— TASK GOAL —
When writing out the listing below, reproduce every word exactly and skip the pictures.

— PROVIDED DATA —
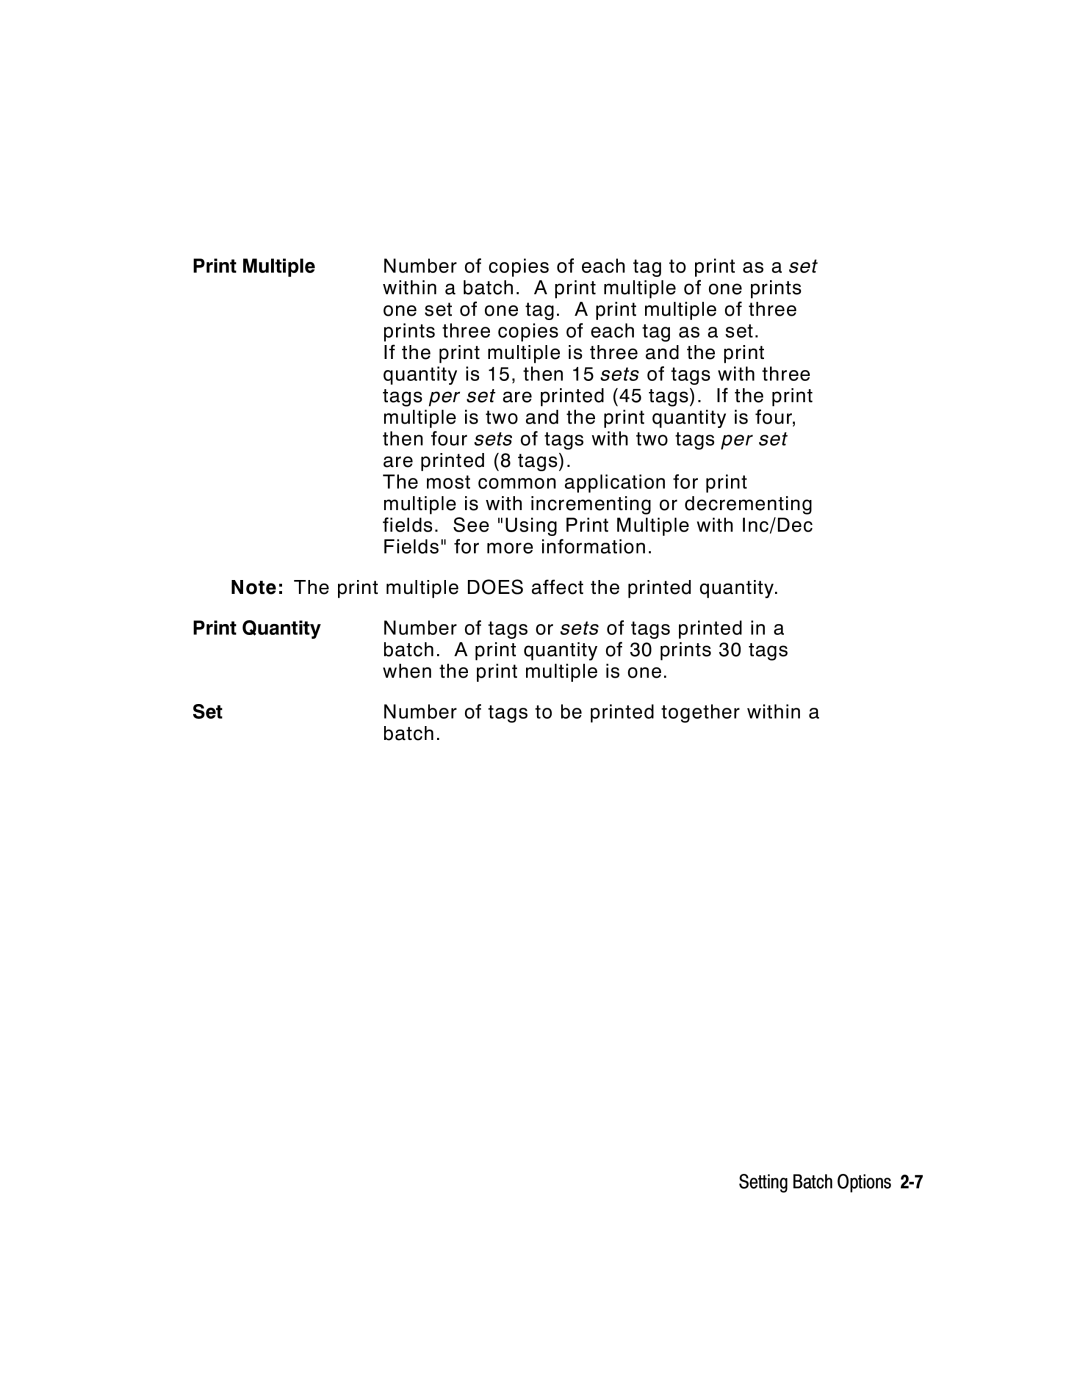 Paxar 939 manual 
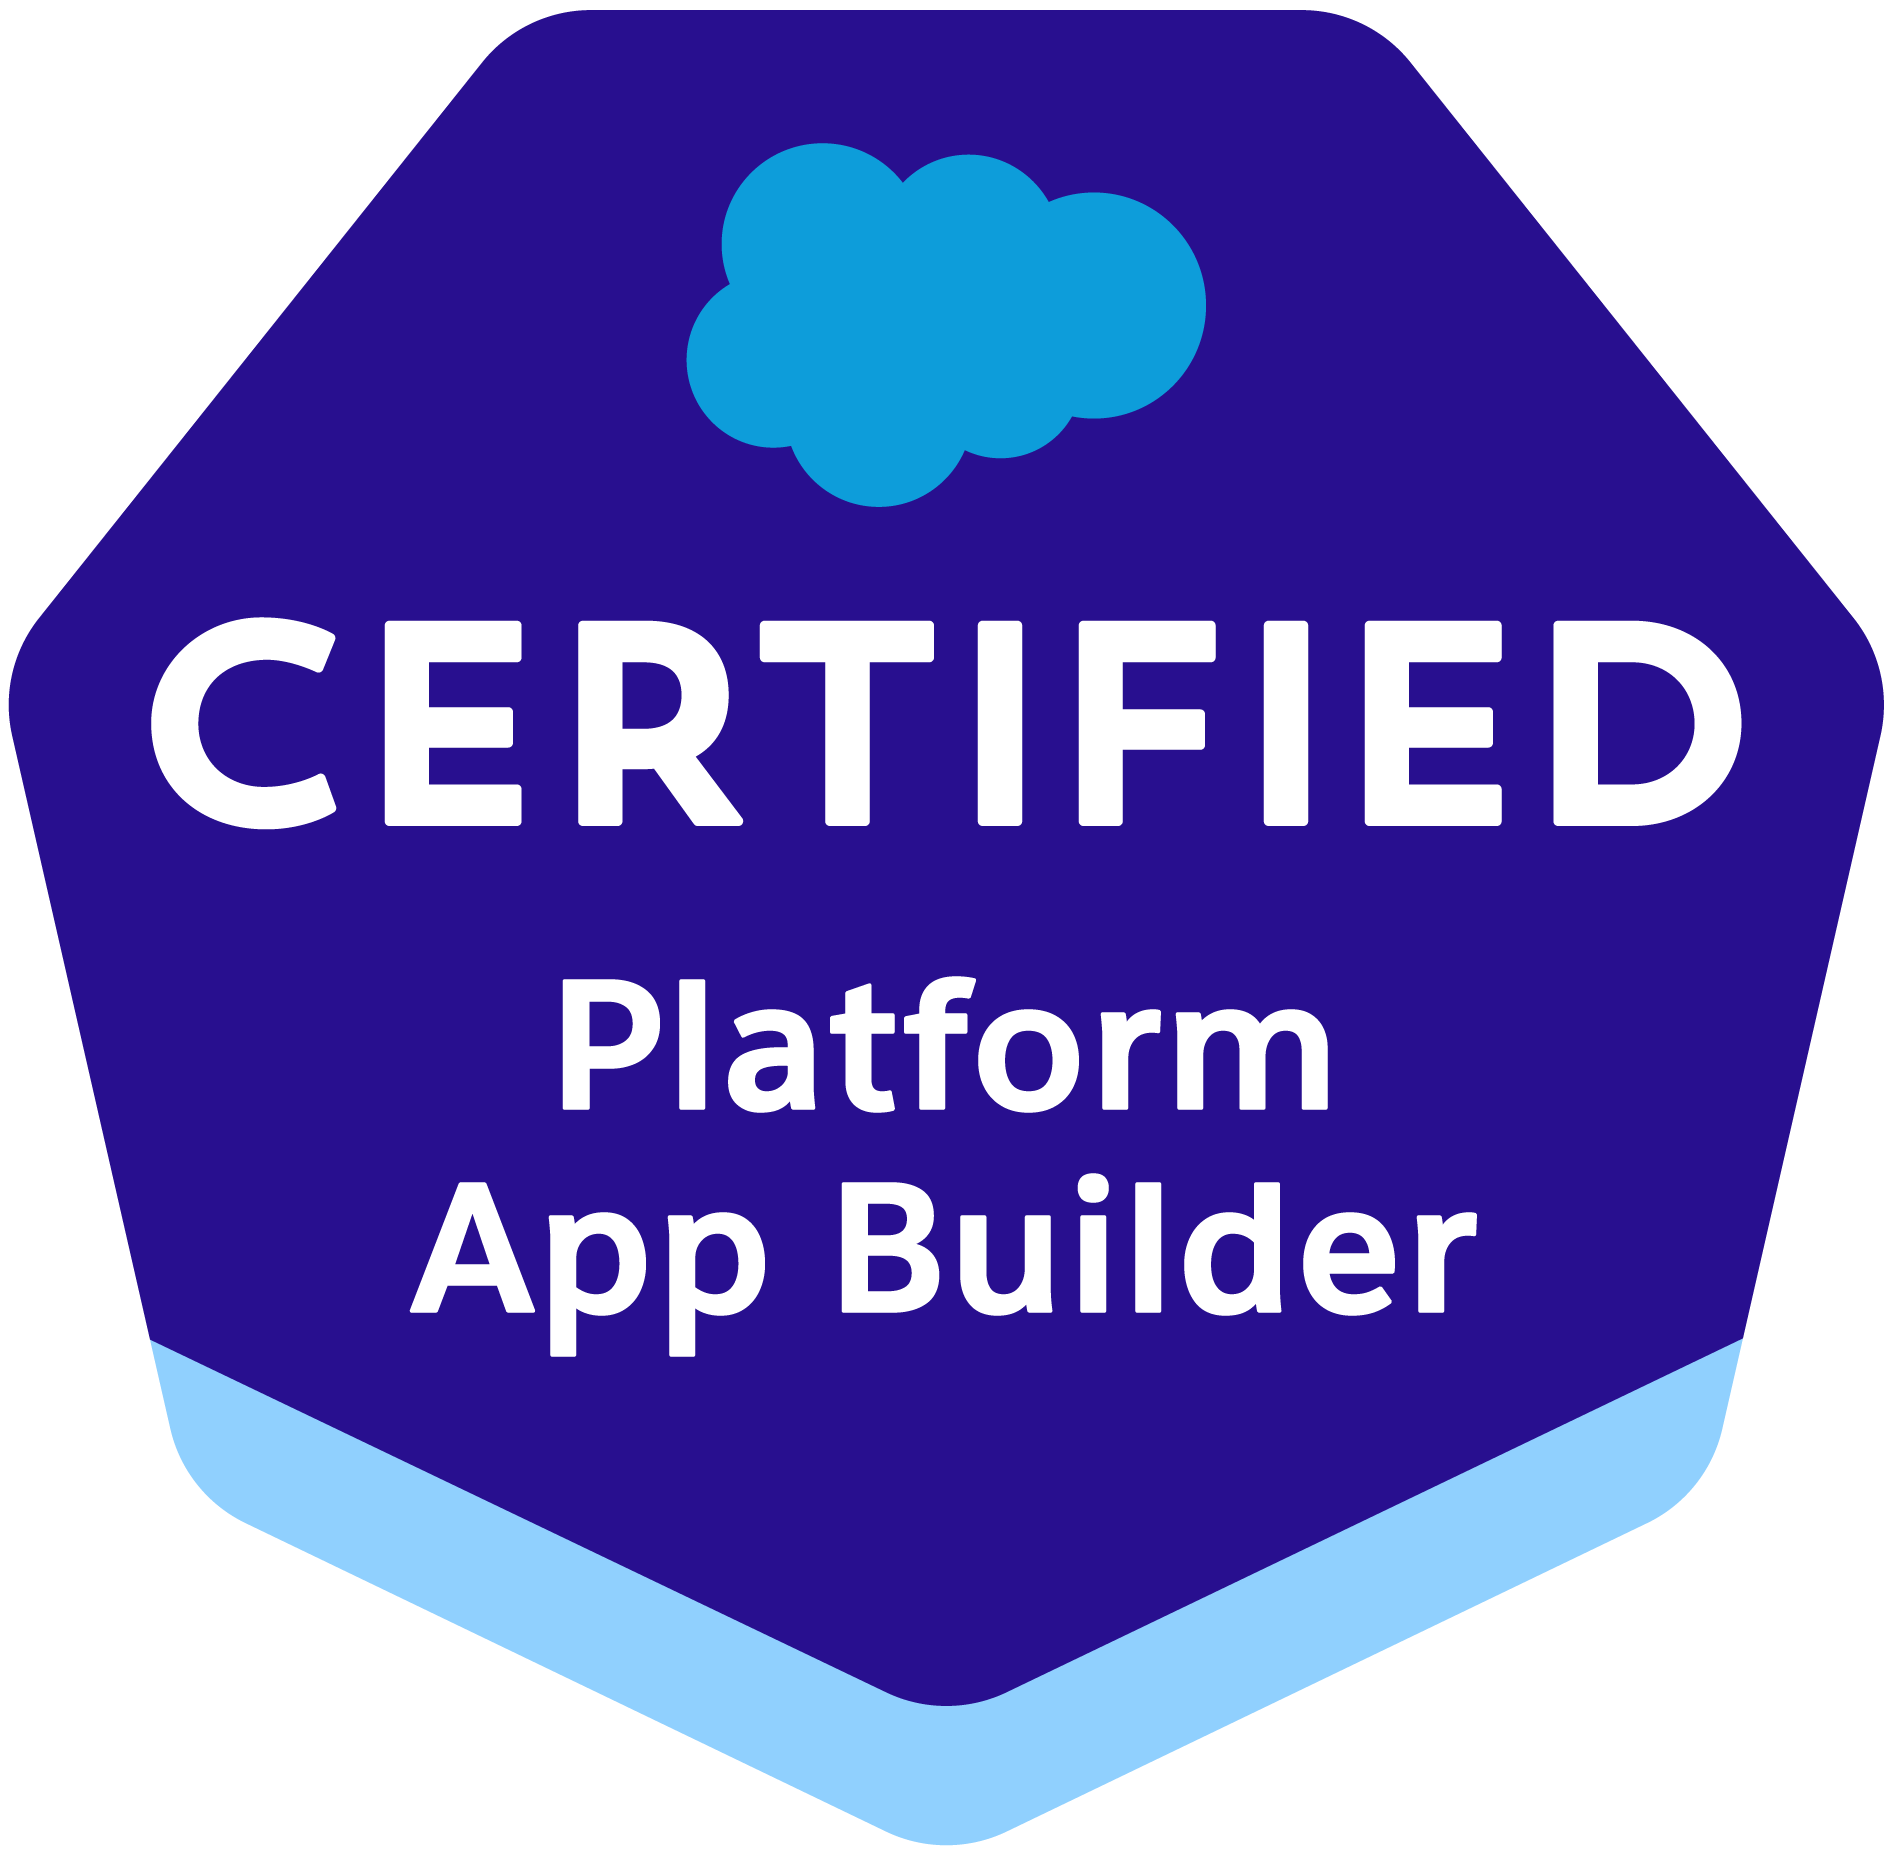 platform app builder cert logo
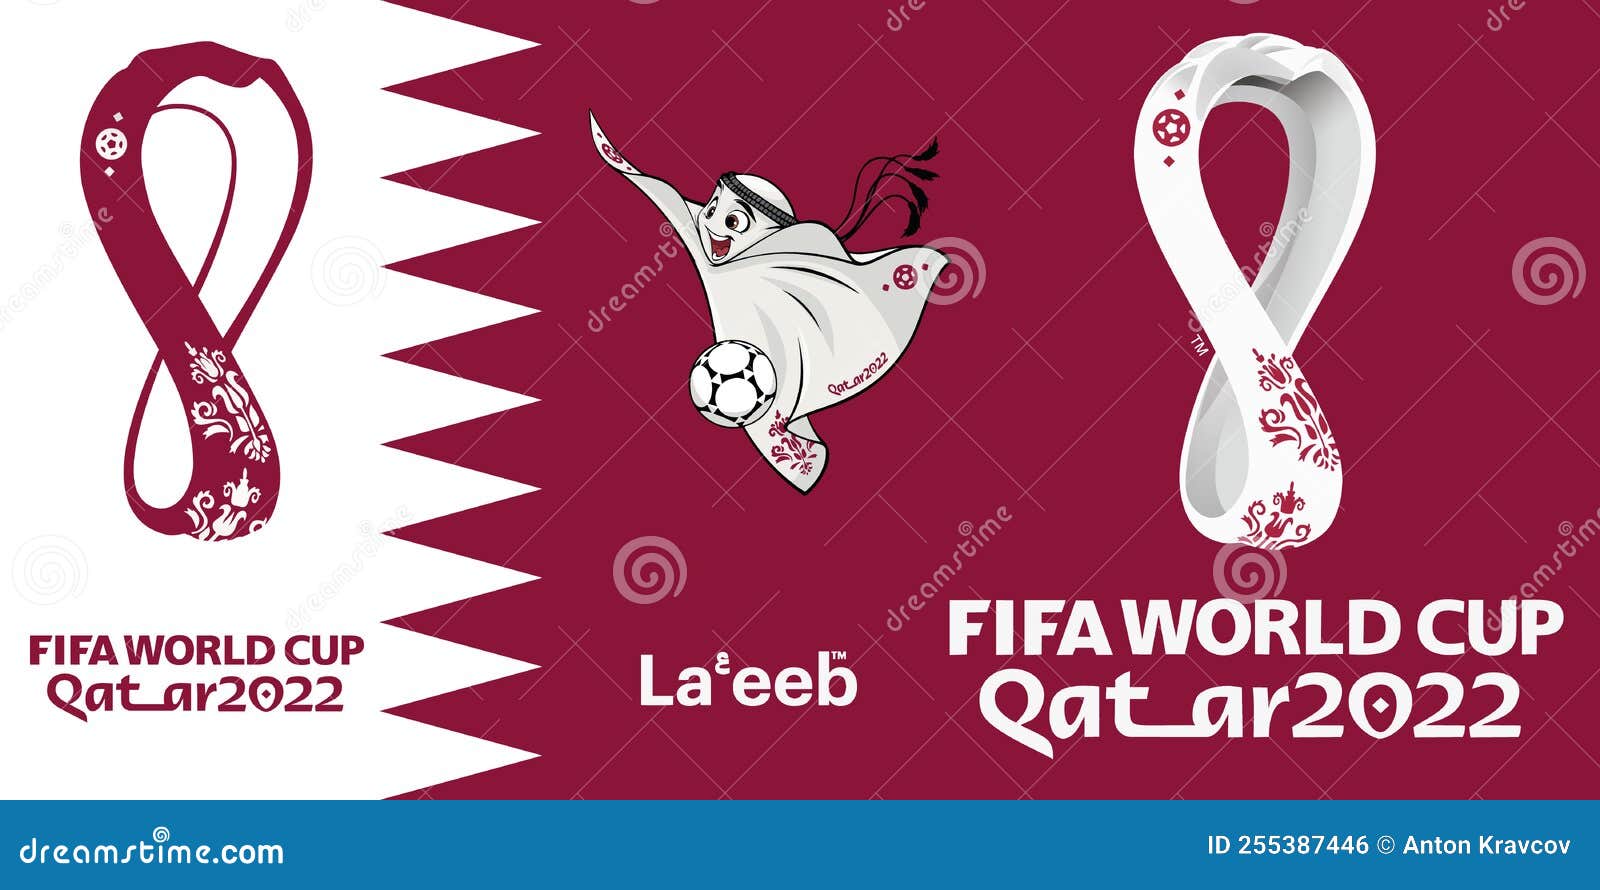 Fifa World Cup Logo 2022 Qatar 2022 Editorial Photo Illustration Of

— REPLY TO THE EXERCISE —
 Paxar 939 manual 
 platform app builder cert logo
 Fifa World Cup Logo 2022 Qatar 2022 Editorial Photo Illustration Of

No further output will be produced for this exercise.